You could also cynically look at it as Britanica struggling for its own future as a company. Their revenues took a big hit when book sales dried up in 1999, and the expected value of ad rates on their free site collapsed in 2000. I know it was sold to a Swiss banker for what was reported to be half its book value around then. They would naturally join forces with authors selling books repudiating the recent trend to user created content, who are also trying to make a buck.

I'm not discounting either part of their incentive or motivation to promote this point of view.
Hmm, I wouldn't be too concerned. The gist of Britannica's message seems to be that there's a lot of bad websites out there. Yup, that's true. There's also a lot of good ones. It's a teacher's job to help students find the good ones and discount the bad ones. The fact that there is more information available than there ever has been before is not bad if we teach the kids to sift carefully, to be skeptical about their sources, and to question, question, and question.

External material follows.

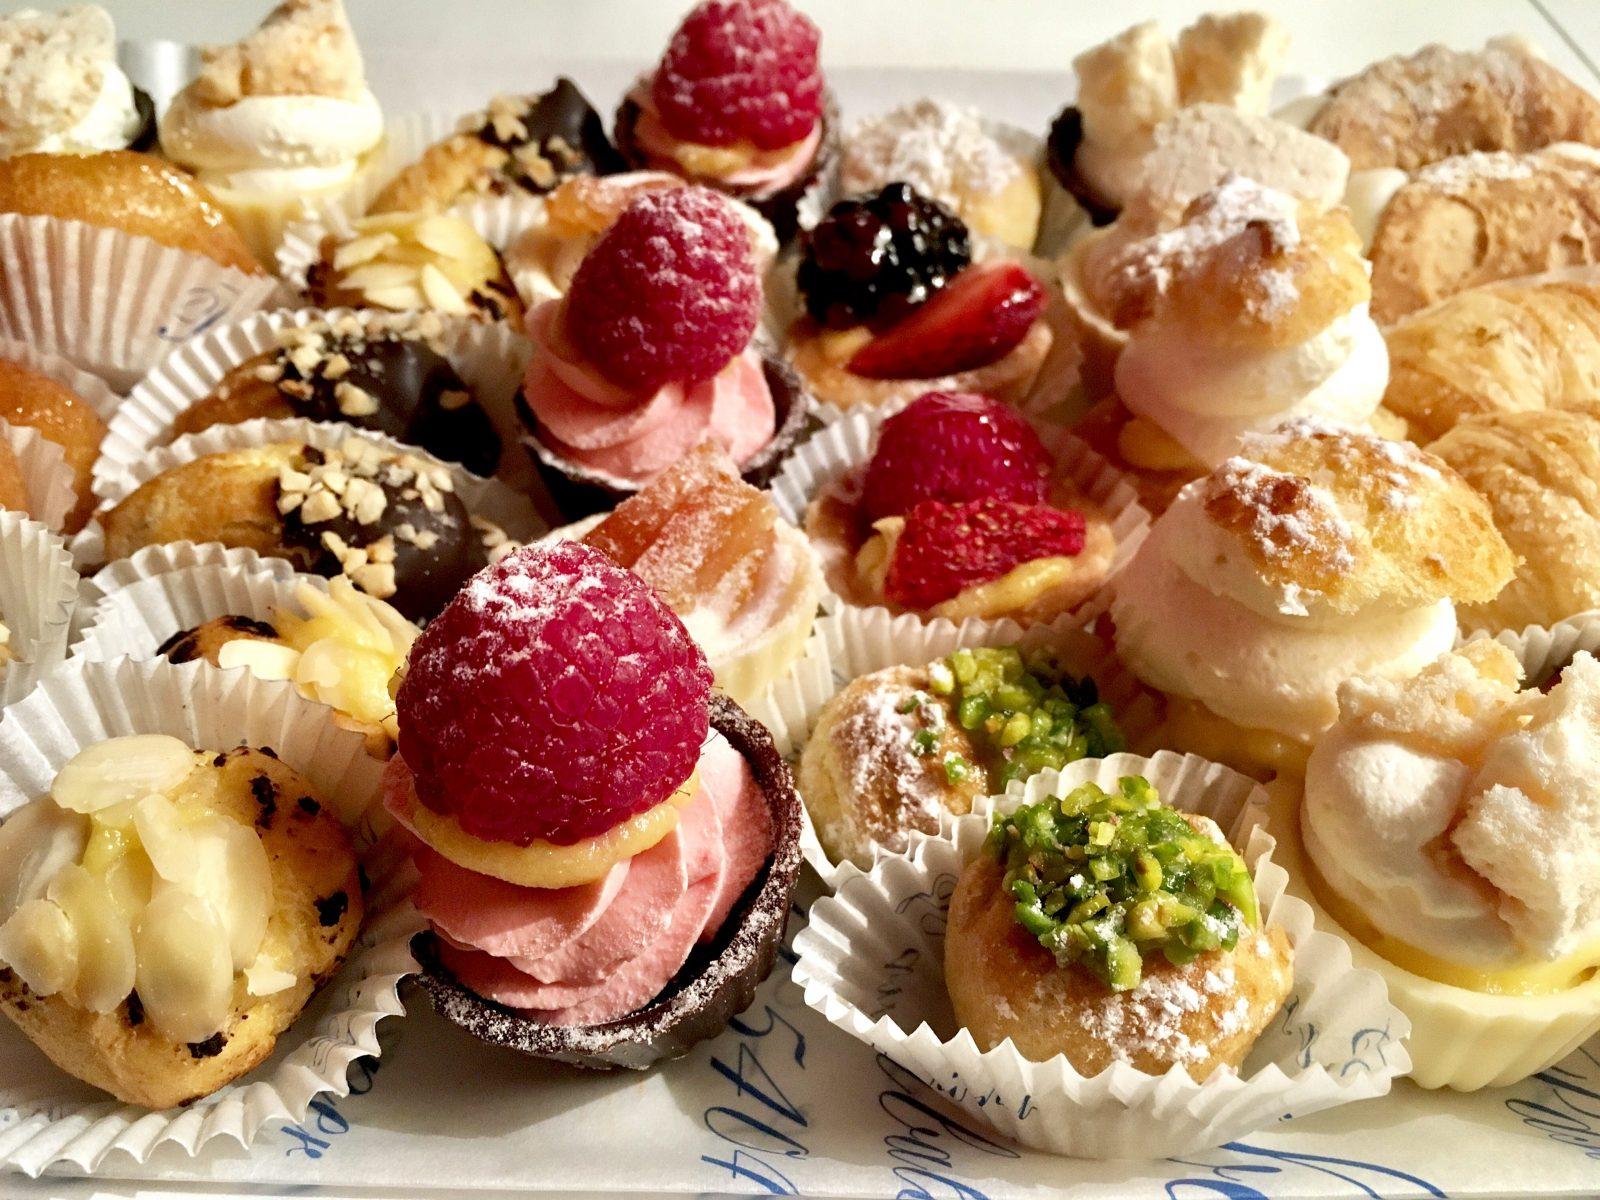 Pasticini, italienske småkaker

As I've heard said so often, teachers should just set students lose the Internet, they should be guiding them to good sources. In a similar vein, you wouldn't just set a Grade 5er lose in a big city's main public library because he'd get lost in the resources and be unable to figure out what's good. Teachers guide the students when they suggest good sites to the kids. I think we all do that fairly routinely.

Nothing new there.
Profound stuff here. Let's get onto it. I've gotten a lot of the links; it'd be good to get them all fired up. A worthy debate.
But all a really high-quality encyclopedia company has to do is launch into the new age. There's plenty of knowledge to sort out and go around.